*** INFORMATION SHOWN Section Begins ***

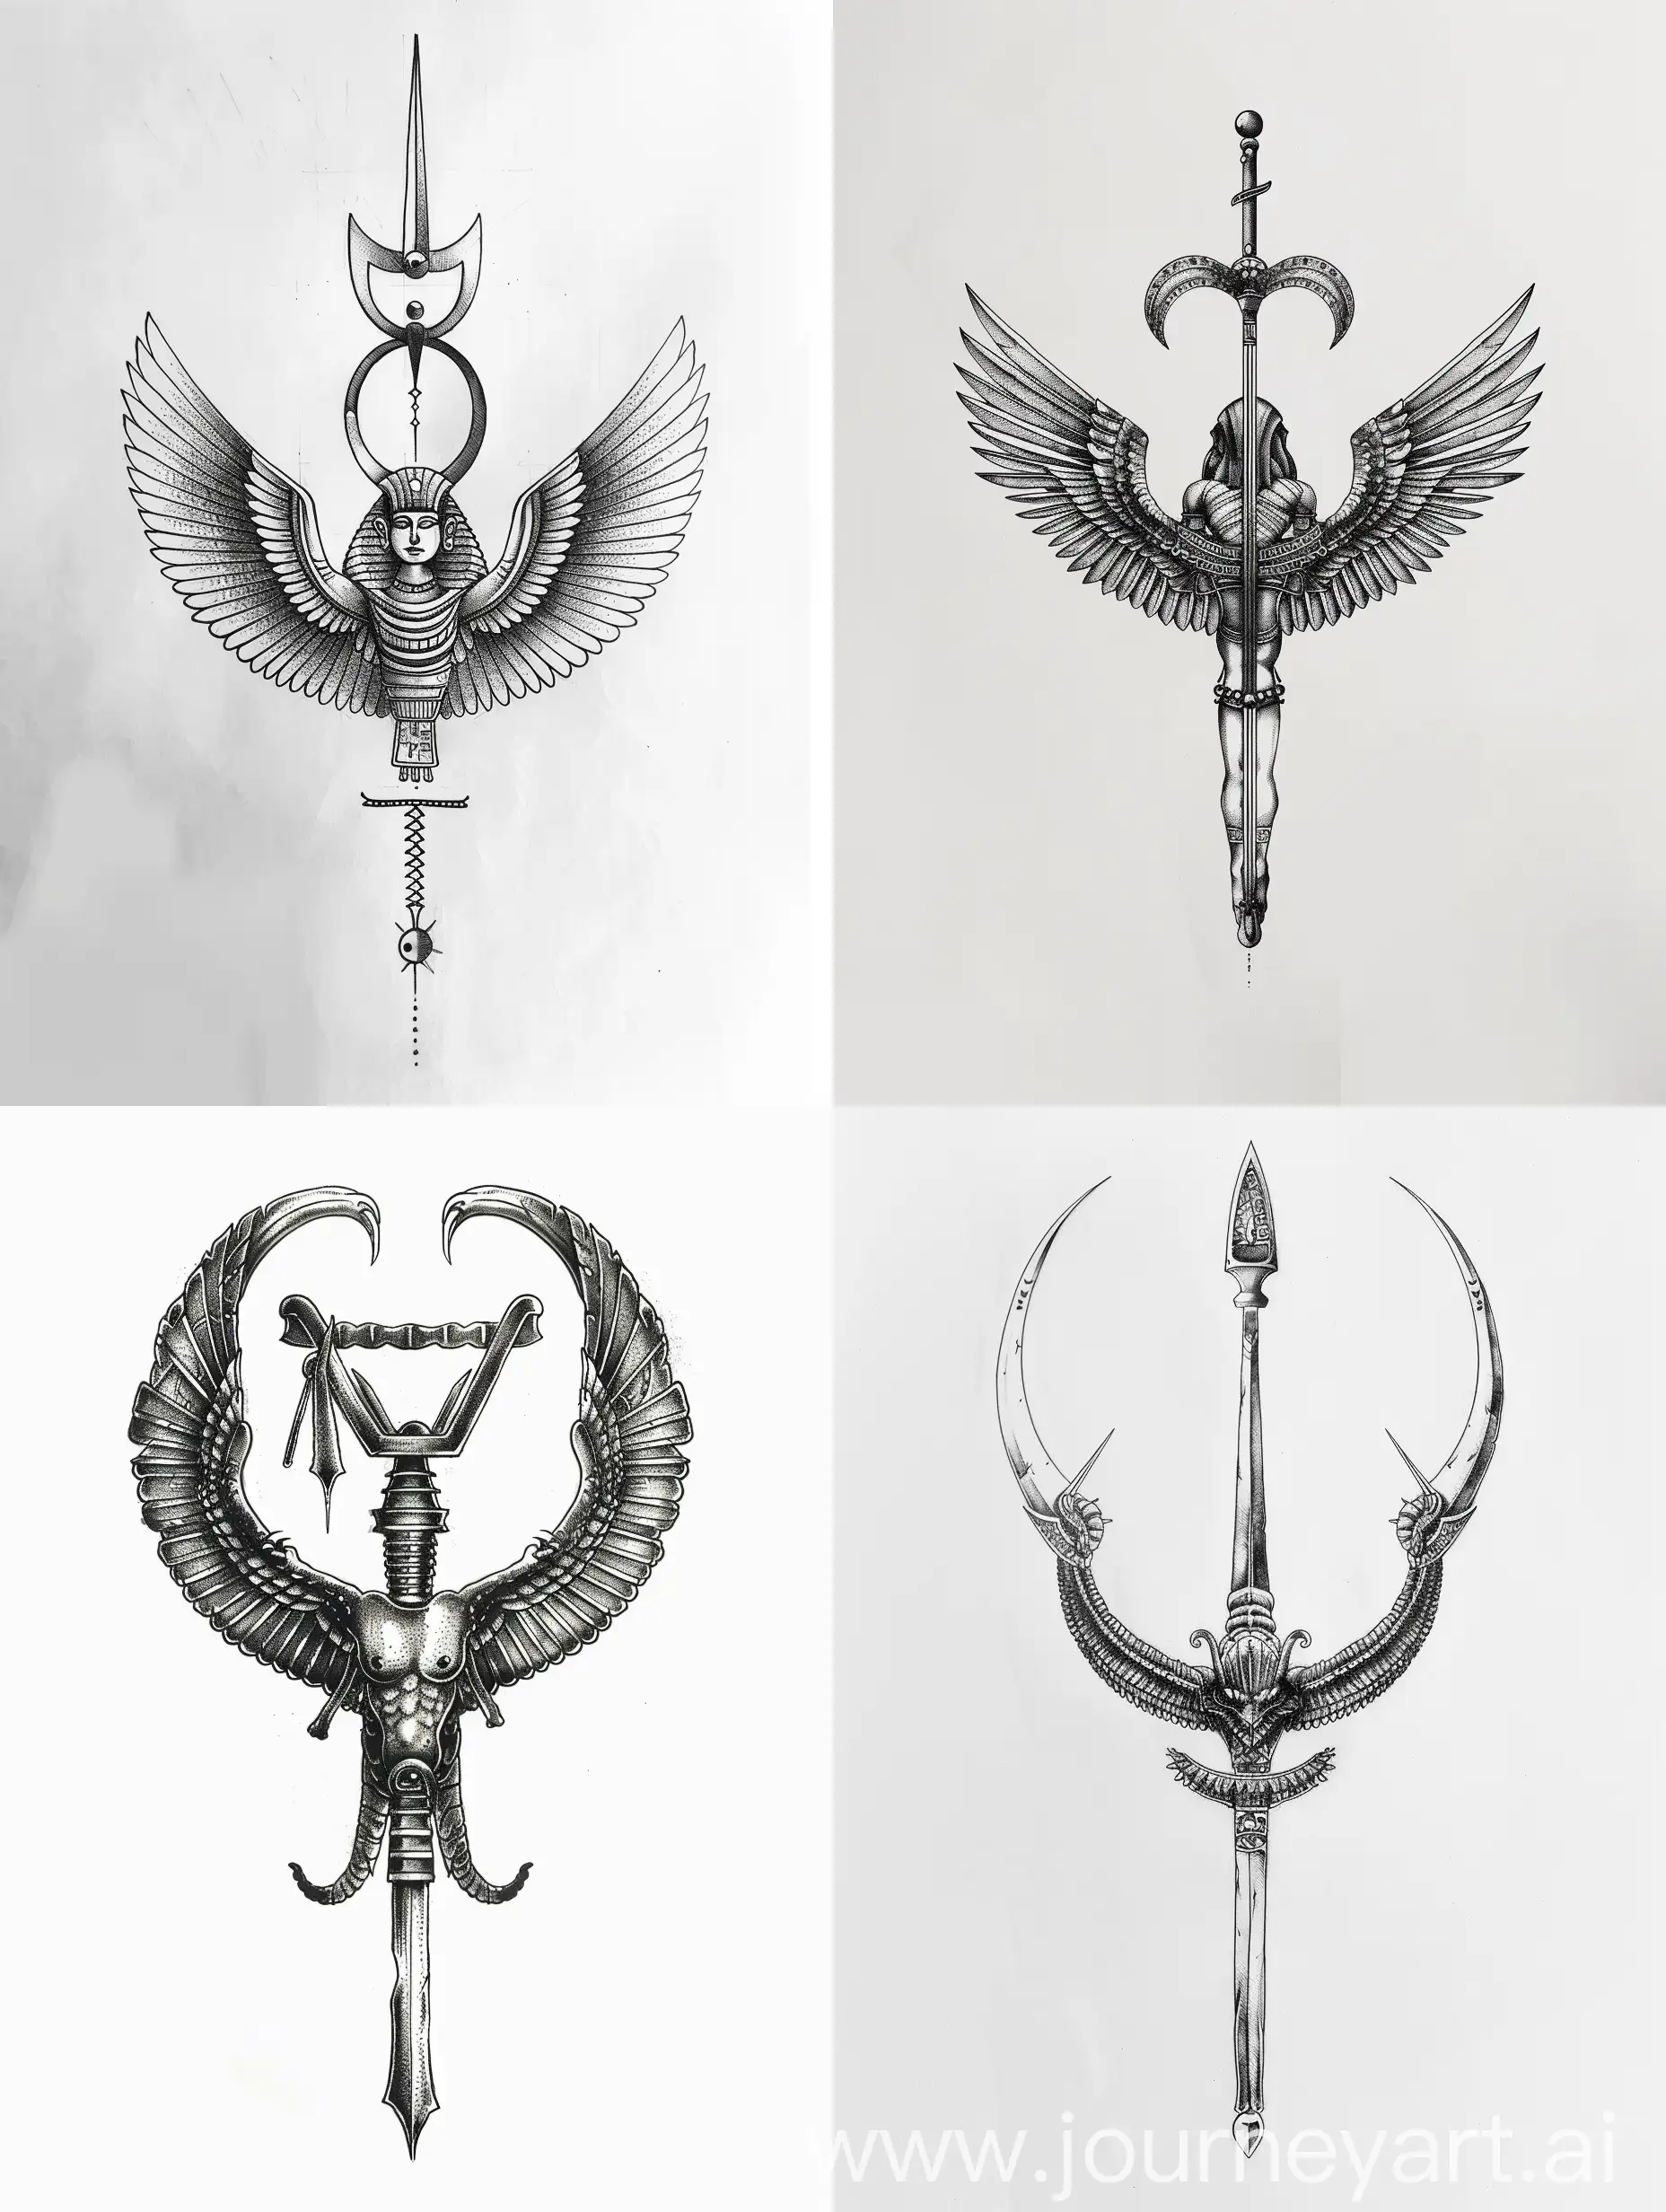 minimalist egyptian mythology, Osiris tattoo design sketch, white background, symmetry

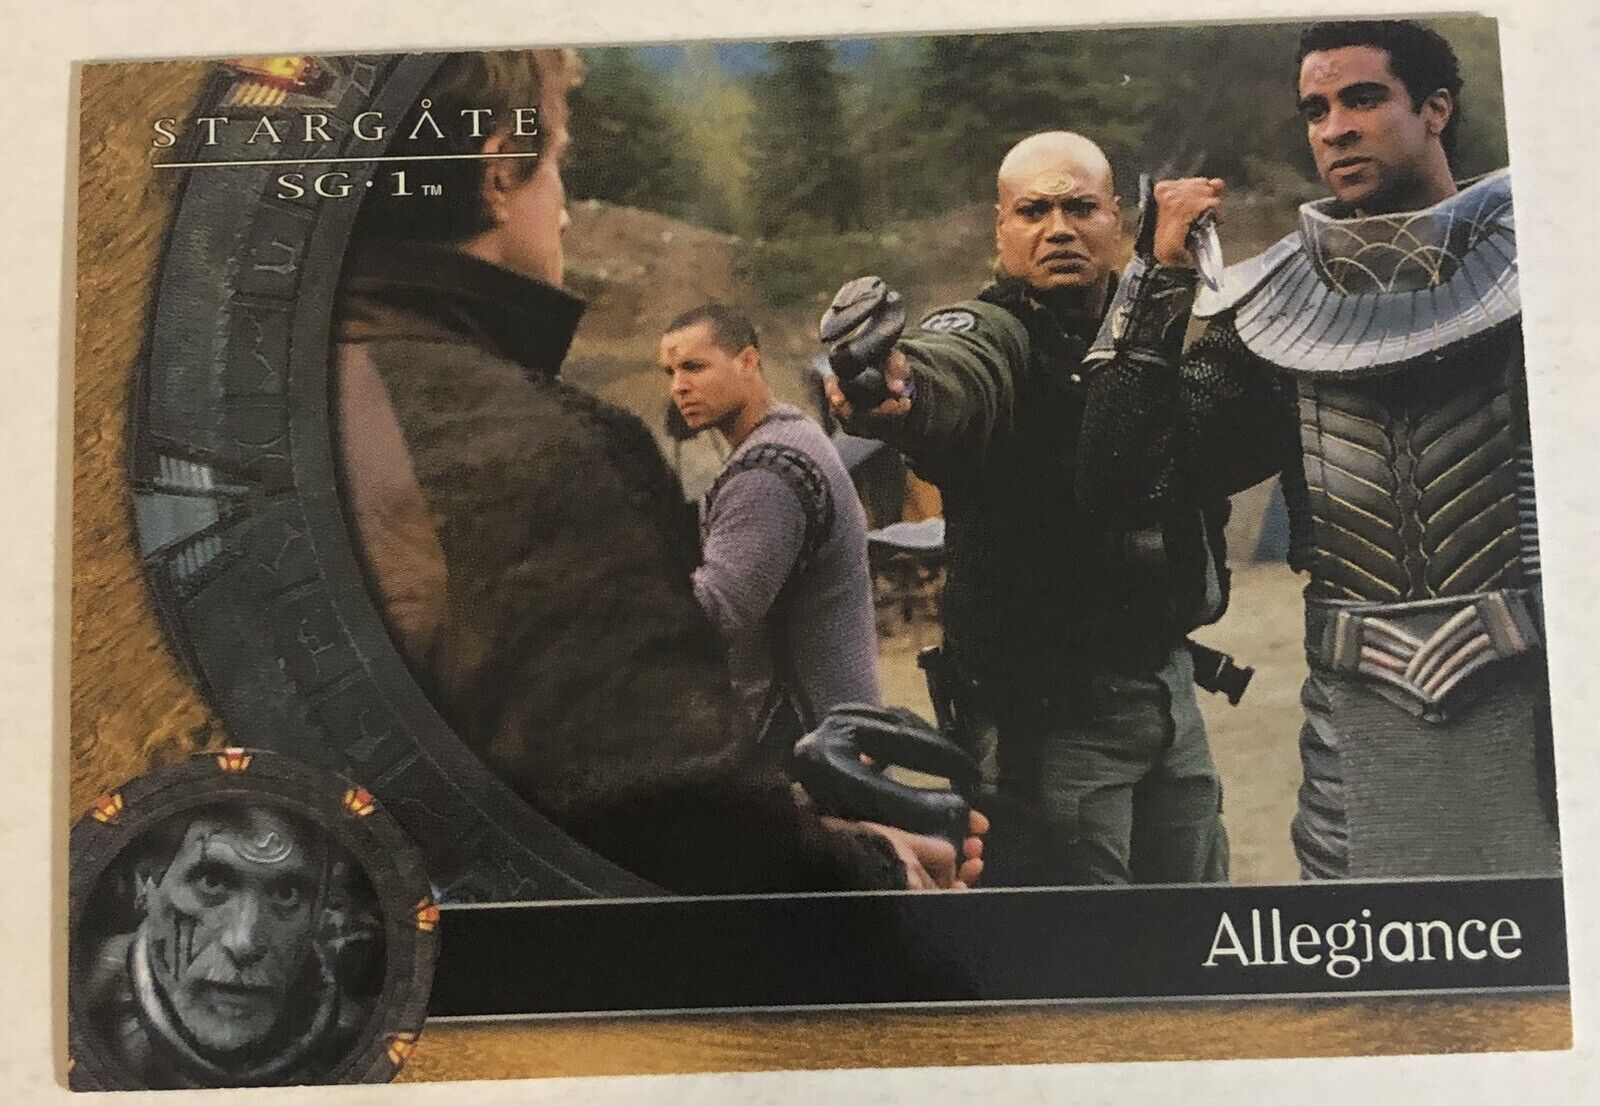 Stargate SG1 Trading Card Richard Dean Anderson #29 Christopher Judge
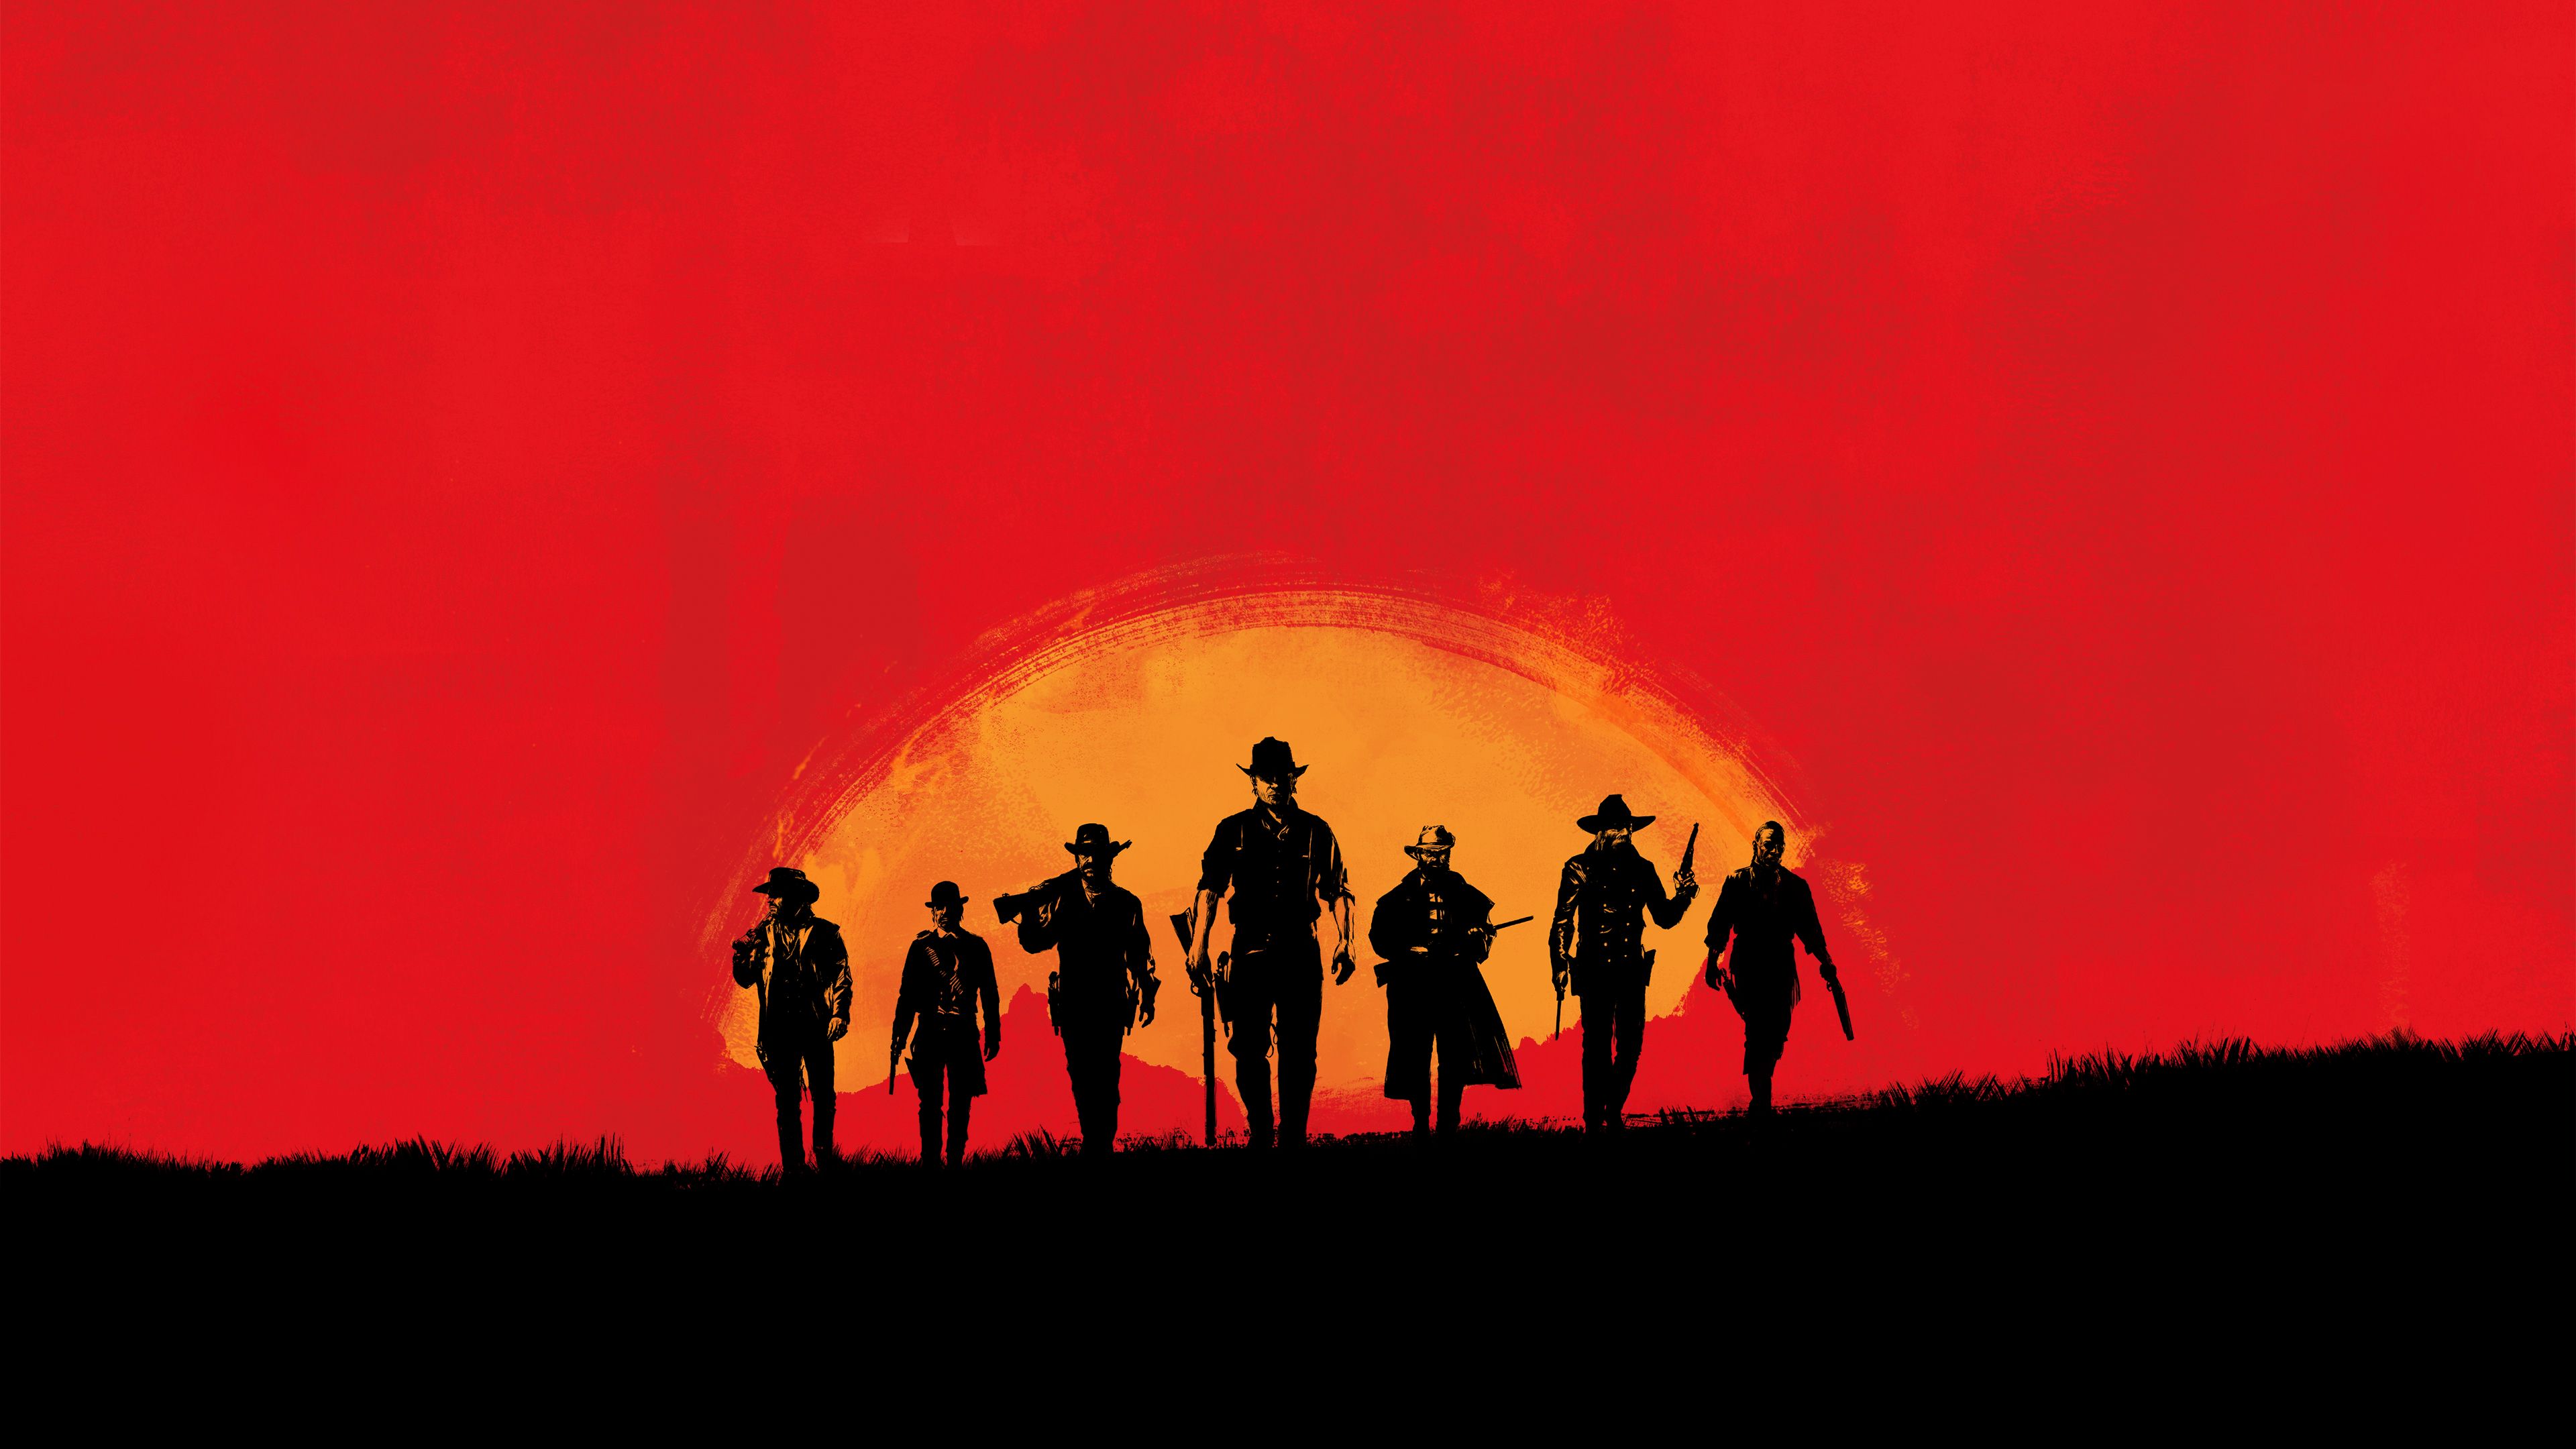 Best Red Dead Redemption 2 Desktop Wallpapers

*** INFORMATION SHOWN Section Ends ***

= WORK REQUEST =
The job is to set down the whole listing exactly, excluding any images.

= EXPECTED ANSWER =
 minimalist egyptian mythology, Osiris tattoo design sketch, white background, symmetry

 Stargate SG1 Trading Card Richard Dean Anderson #29 Christopher Judge
 Best Red Dead Redemption 2 Desktop Wallpapers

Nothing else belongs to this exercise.